The guy who bought the ski jet wasn’t fed up enough.
What’s so bad about tyranny?
Too much tyranny is never enough.
I’m so fed up with tyranny that I burned my library card!
I’m so fed up with tyranny that I twisted the top of my Oreo off in a counterclockwise motion.
I’m so fed up with the tyranny I’ve sworn off the irony.
I’m so fed up with tyranny that I played a chord that was all open strings!!!
Is there any greater tyranny than paranoia in the employ of ignorance? (Which I believe was the first title for Operation American Spring)
I’m so fed up with tyranny I threw my cocktail in my swimming pool.

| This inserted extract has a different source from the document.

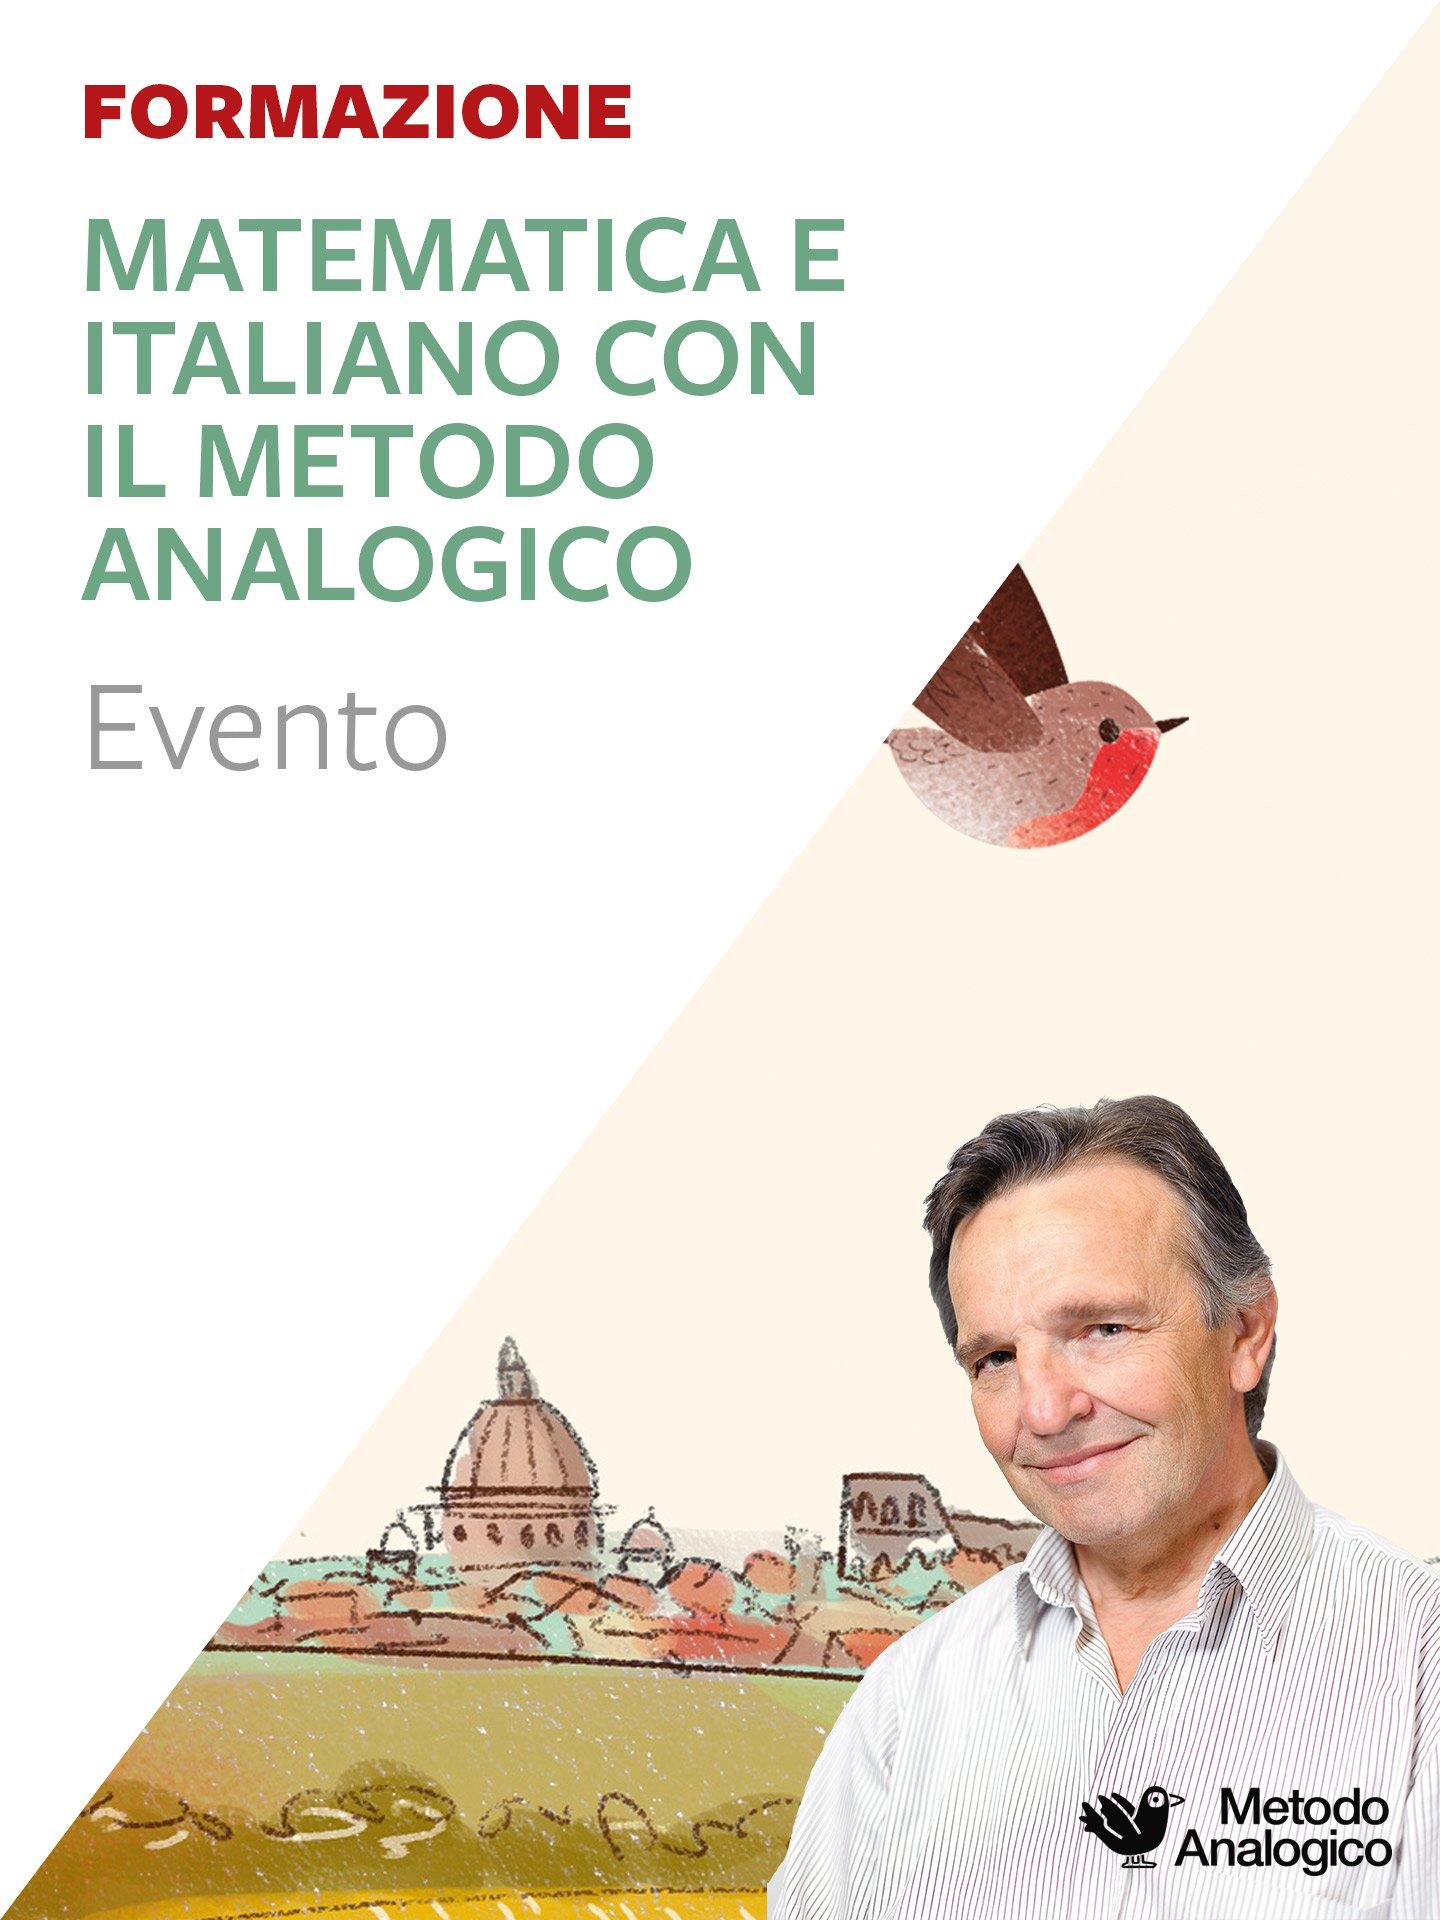 Matematica e italiano con il metodo analogico - Roma - Metodo Analogico Formazione - Erickson

I’m so fed up with the tyranny that I thanked Obama.
Someone on a message board I frequent summed it up as, “Tyranny is a jackboot smashing into a jet ski registration – forever
I’m so fed up with tyranny that I’m going to ask both my maid, my cook, AND my gardener to get more of their kids to enlist so that I’m doing my part.
I’m so fed up with the tyranny, I made a non sequitur.
I’m so fed up with tyranny …I learned to rope cattle.
I’m so fed up with the tyranny, I wrote a little song
About my love for Quantum Leap, and where it all went wrong.
(I know whereof I speak
And there’s no denying that.)
I’m so fed up with the tyranny, I wrote a little more
To tell those who come after me to kindly oil the door.
(The hinges sometimes squeak
And they tend to wake the cat.)
I’m so fed up with the tyranny, I wrote another verse
To tell you that my itchy toes may just be getting worse.
(I have bunions hard as teak
So I’m rubbing them with fat.)
I’m so fed up with the tyranny, I wrote a further stanza
To sell my shoes on Craigslist in a major Crocs bonanza
(Some pairs are quite unique
Though the soles are trodden flat.)
I’m so fed up with the tyranny, I’m giving up this lark
But if you can think of anything, just blame it on Barak.
(Think my logic’s pretty weak?
Well it’s fine from where I’m sat!)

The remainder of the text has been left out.